8. Целомудренное бегство от брака

8. Целомудренное бегство от брака

В «Очистительной жертве» Розен реализовал свою эскапистскую модель даже не в одном, а сразу двух сюжетных планах. Дело в том, что у Августины имелась предшественница, уездная барышня Елизавета Шушкова. Она была умна, добродетельна и мила, но в отличие от небесной баронессы, на свою беду влюбилась во Владимира Штерне слишком уж по-земному, тем самым вселив в него нестерпимый ужас. Позднее он поведал офицерам-сослуживцам:

– Однажды, в минуту милого самозабвения, она глядела на меня так нежно, так невыразимо нежно… она будто силилась удержать признание любви, готовое сорваться с языка; грудь ее томительно наливалась чувством; глаза будто закатились в томной неге – кровь во мне остановилась, члены мои хладели, и мурашки бегали по спине… Я уже одолел этот глупый страх и, находя Лизаньку милою и достойною, хотел было приступить к любовному с нею объяснению – глядь! Мимо окон проходит Криницын с бранчливою женою, с многочисленным потомством, няньками и пр. – признаюсь: это вдруг остудило опять мое чувство![789]

Характерно, что «глупый страх» охватывает Штерне по двум причинам: сперва его парализует само сексуальное возбуждение Лизаньки, взывающее к встречной активности, а потом – перспектива брачного сожительства, сопряженного с деторождением и тягостной бытовой рутиной. При таком подходе единственно приемлемой альтернативой для него действительно остается лишь невеста загробная.

Что касается несчастной, удрученной горем Елизаветы, то ей пришлось выйти за другого – и вскоре тоже скончаться. За нее хочет было отомстить герою его сослуживец Санин, любивший Лизаньку. Но все завершается не дуэлью, а благородно-добровольной гибелью обоих офицеров в сражении – т. е. разыгрывается вариант скрытого – «военного» – самоубийства, безвредного для души и полезного для отечества. Короче, все приносят себя в заклание на алтарь долга, скорби и святости. В целом же трудно отделаться от впечатления, что перед нами какие-то мистические Подколесины, сбегающие от брака в смерть – вроде того, как в «Тарасе Бульбе» Подколесины самостийные сбегали от него в холостяцкую Сечь и на «войну за веру».

Необоримый страх перед гетеросексуальной жизнью выказывают и герои Тимофеева – например, Художник из одноименной повести.
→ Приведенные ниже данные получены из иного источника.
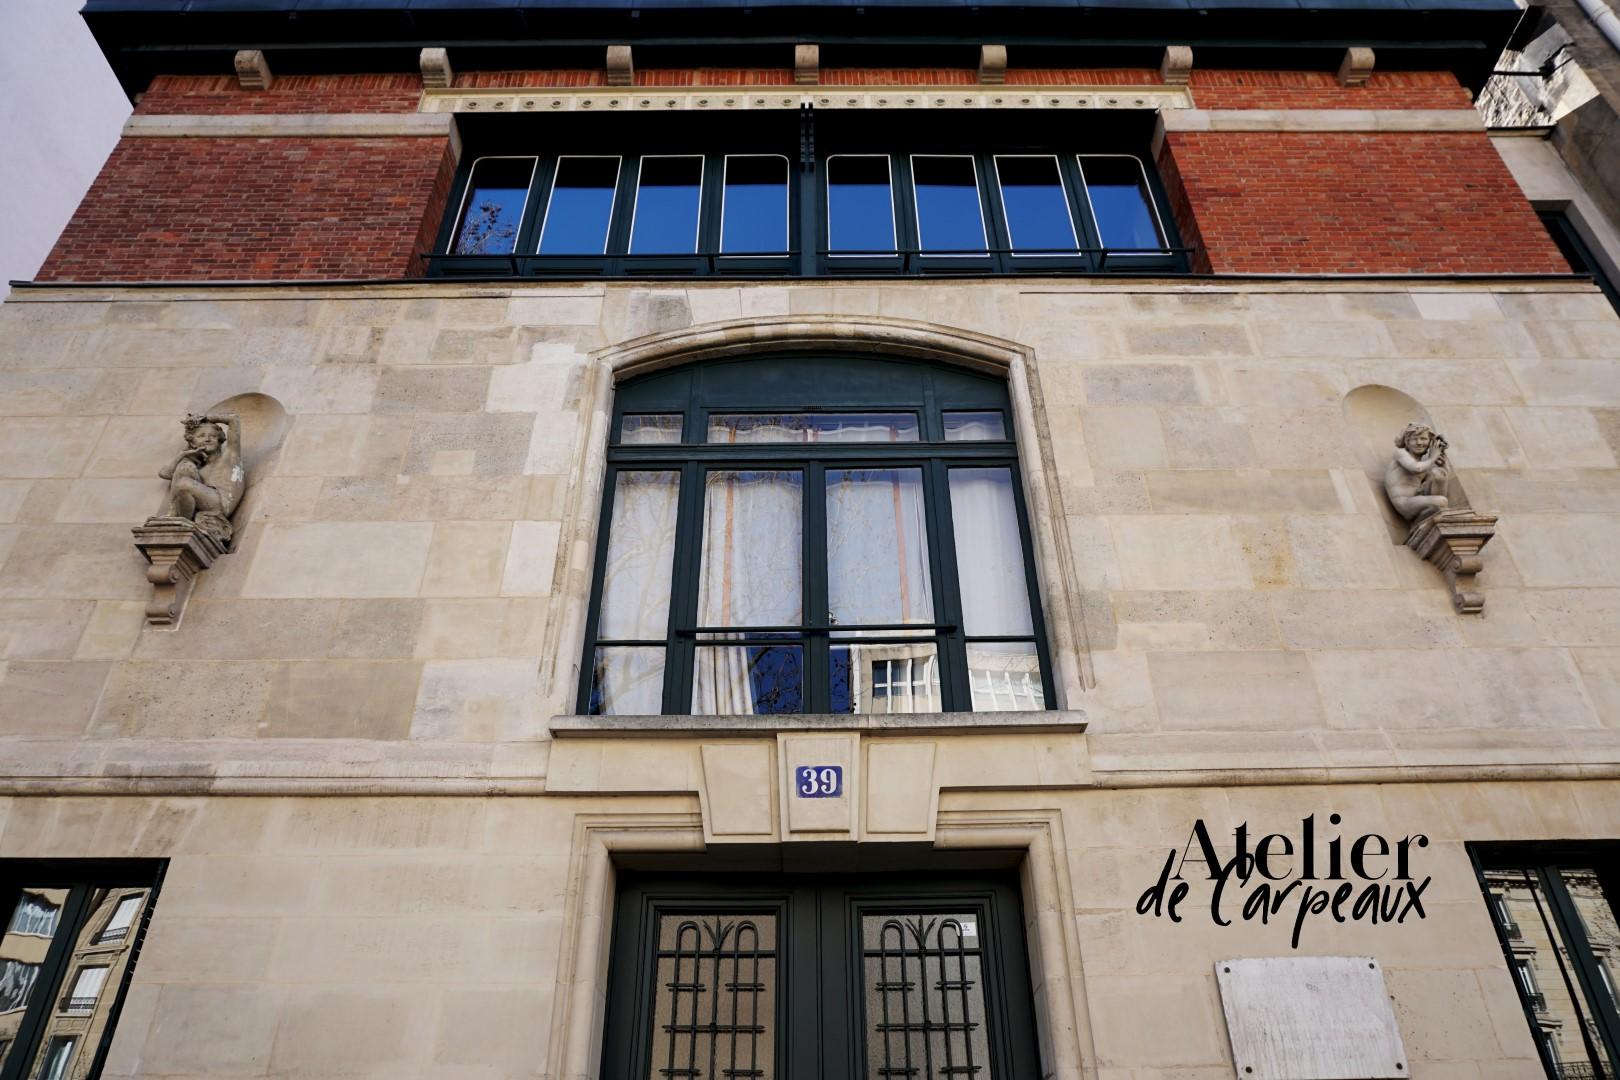 Balade dans le 16e, voies privées et art nouveau - Atelier de Jean Baptiste Carpeaux, Hector Guimard

В полюбившей его молодой женщине он решительно предпочитает видеть создание чисто духовное, «без всяких требований на чувственность». Эта небесная «дружба» «всегда была в моей душе, с тою только разницею, что прежде сфера ее ограничивалась одними идеалами, а теперь к этим идеалам присоединилось существо, облеченное в тело. Что мне за нужда до этого тела?..»[790] В таком контексте понятнее становится нежнейшая мужская дружба других героев: «Обними меня, Джулио, крепче; еще крепче! Так… Чего мне еще надобно?» Этой фразой завершается и все собрание тимофеевских сочинений.

Более затейливую версию сексуально/асексуальной темы в 1834 г. предложил зато Шлихтер в своей «Смолянке», подсказанной, без сомнений, эпистолярным романом г-жи де Суза «Адель де Сенанж» (откуда взят центральный сюжет его повести и сама расстановка фигур в любовном треугольнике). Вечером на улице герой случайно знакомится с молодой дамой по имени Надежда Феодоровна. Та приглашает его к себе, а дома переодевается в соблазнительный белый капот, в котором выходит к гостю из спальни. Это одеяние – сложный компромисс женского кокетства с доверчивой невинностью, подсвеченной сакральными и, в частности, богородичными коннотациями.

«Лицо ее, – продолжает герой, – было открыто для созерцания, как картина Рафаэля, без рамы, без украшений. Лицо ее было пленительно». В ней «выразился один из идеалов, созданных нашим Мартосом. Сей идеал в ней олицетворился, душа ее перешла в бессмертный камень. Я любовался ею». Восхищенный этим духовным идеалом и красотой хозяйки, гость «с жаром схватил ее за руку. Рука не отнималась. Она смотрела на меня, как смотрит святая на смертного». Интригующее поведение Надежды Феодоровны будет и впредь сочетать эту приветливую и кроткую эротичность со священным целомудрием, надолго сохраняющим за ней статус одушевленной картины или статуи, которой можно только любоваться.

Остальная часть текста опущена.